8. Vector Database: pgvector or Specialized Vector DB?

pgvector

Essentially PostgreSQL + Vector type. Advantages: compatible with your existing Java tech stack, low development cost, suitable for small to medium-scale RAG.

Qdrant / Milvus

Suitable for: 10M+ vectors, high-concurrency search, complex filtering, and distributed deployment. Core strengths include HNSW optimization, sharding and replication, Hybrid Search, and Metadata Filter.

Practical Advice

For Java engineers getting started with RAG:

  1. Start with pgvector to get the full pipeline working — Spring Boot + LangChain4j + PostgreSQL + pgvector.
  2. Once you truly understand recall and chunking, consider Milvus or Qdrant for more demanding scenarios.

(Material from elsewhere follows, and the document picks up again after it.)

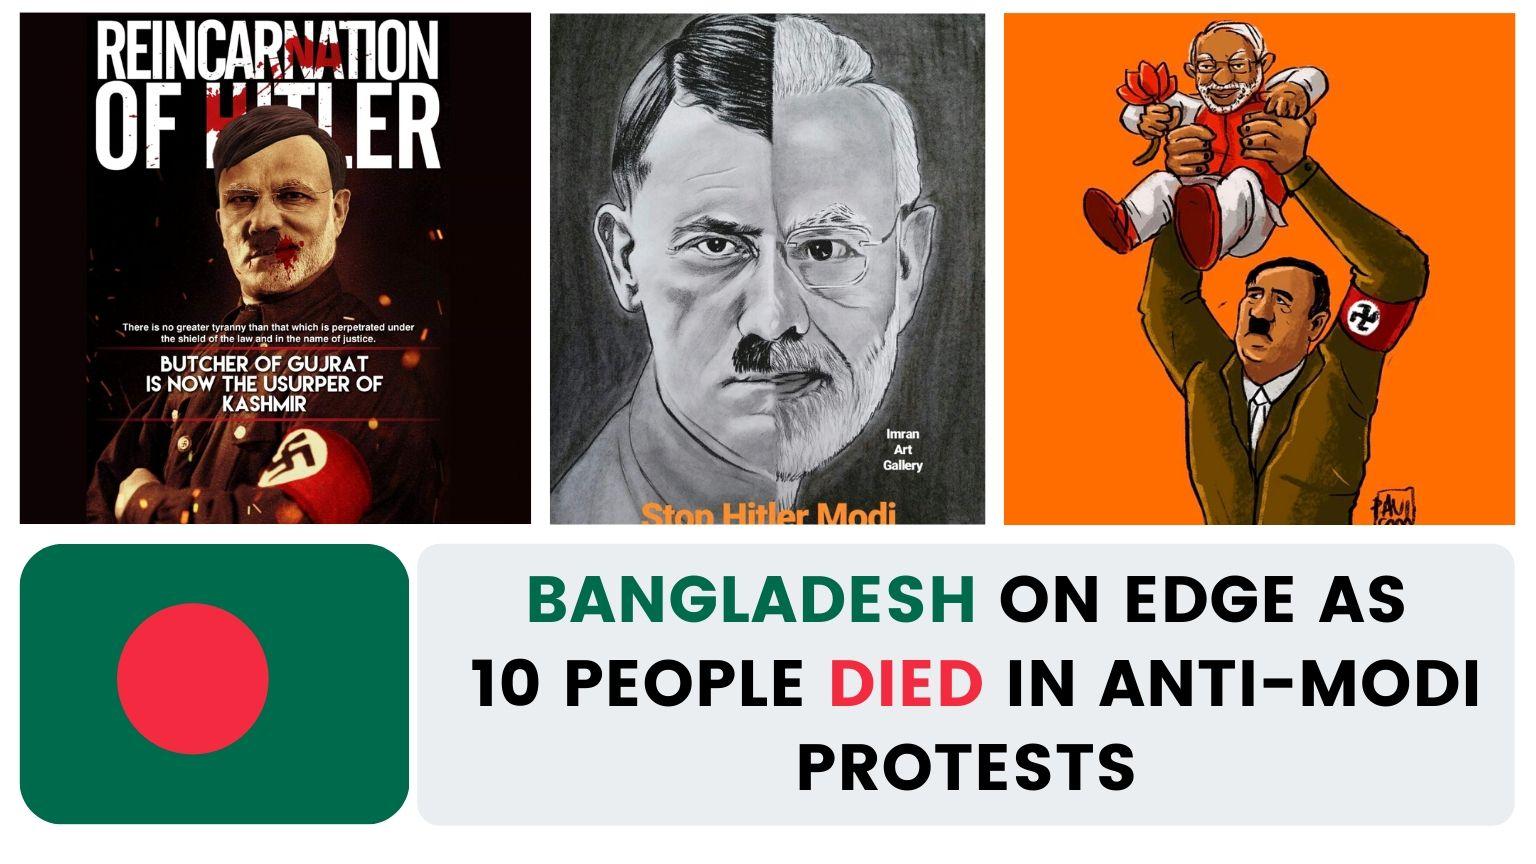 🇧🇩 Bangladesh on edge as 10 people died in anti-Modi protests | Modi visits Bangladesh
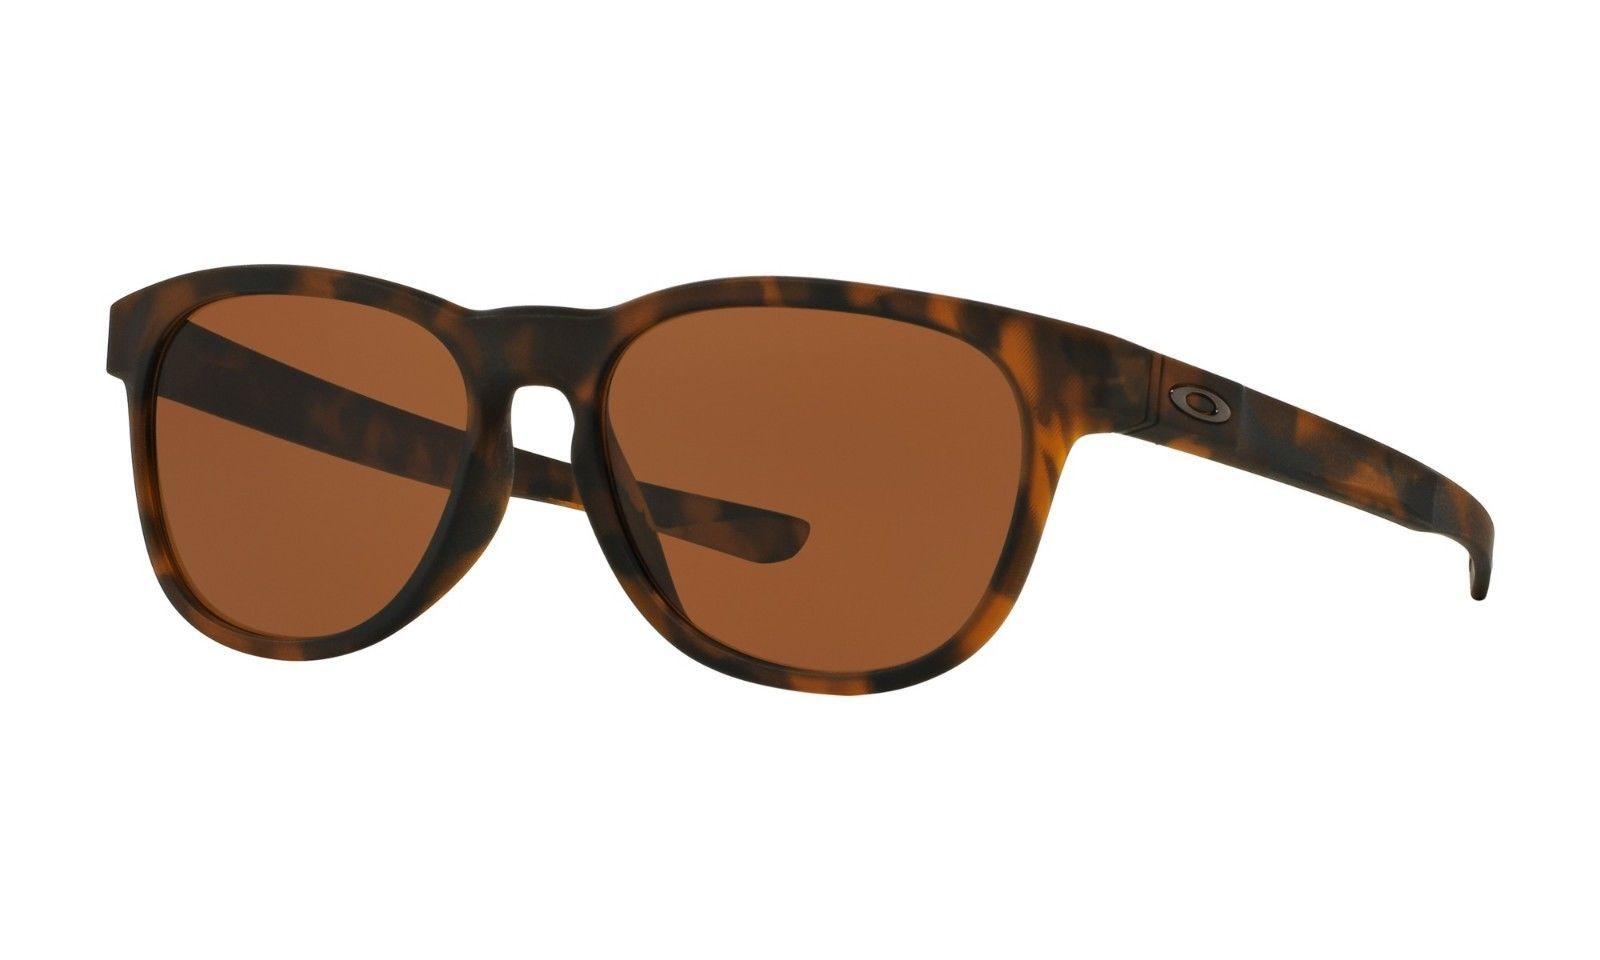 Oakley Stringer Sunglasses OO9315-02 Matte Brown Frame W/ Dark Bronze DEFECT

9. Is the Embedding Model a Library or a Service?

Either approach works.

Service Mode (Most Common)

1
Spring Boot → HTTP → Embedding Service

Examples: Ollama, OpenAI Embeddings API, Jina AI Embeddings API.

Local Library Mode

Load ONNX / PyTorch models directly in-process for inference. Suitable for offline or small-scale scenarios.

Why mention Ollama?

Because Ollama can run both LLMs and Embedding models:

1
2
ollama pull bge-m3
ollama embeddings bge-m3 "请假制度"

Many local RAG systems use Ollama as a unified manager:

1
2
3
4
5
Ollama
├── qwen3
├── deepseek-r1
├── bge-m3
└── bge-reranker

A complete RAG pipeline has two phases: Indexing (Offline) and Query (Online).

Indexing Phase

1
2
3
4
5
6
7
Document
    ↓
Chunking
    ↓
Embedding
    ↓
Vector DB (ANN: HNSW)

This is done offline: documents are split, vectorized, indexed, and stored in the database for future queries.

Query Phase

1
2
3
4
5
6
7
8
9
10
11
12
13
14
15
16
User Query
    ↓
Embedding
    ↓
┌─ Vector Search (ANN) ──┐
│  + Metadata Filter     │  ← Hybrid Search
│  + BM25 / Keyword      │
└──────────┬─────────────┘
           ↓
         Merge
           ↓
         Rerank
           ↓
           LLM
           ↓
         Answer

Component Responsibilities

  • Chunking: determines whether knowledge is properly expressed (splitting long documents into appropriate fragments)
  • Embedding Model: determines semantic map quality, mapping text into vector space
  • ANN (HNSW): determines search speed, building indexes to accelerate approximate search
  • Metadata Filter: filters results by tags, timestamps, types, etc. during search to narrow the scope
  • Hybrid Search: combines semantic search (Vector) and keyword search (BM25) for both semantic understanding and exact matching
  • Rerank: re-scores recalled results to improve Top-K precision
  • LLM: generates the final answer based on retrieved context

What is Metadata Filter?

Metadata refers to additional attributes attached to documents, such as:

  • Document type (PDF / Word / Markdown)
  • Upload time (2026-01-01)
  • Tags (“Leave”, “Finance”)
  • Author, department, etc.

During search, you can apply Metadata filtering first (pre-filter) to narrow the search scope, then execute vector search; or you can search vectors first and filter afterward (post-filter). Proper use of Metadata Filter can significantly improve query efficiency and precision.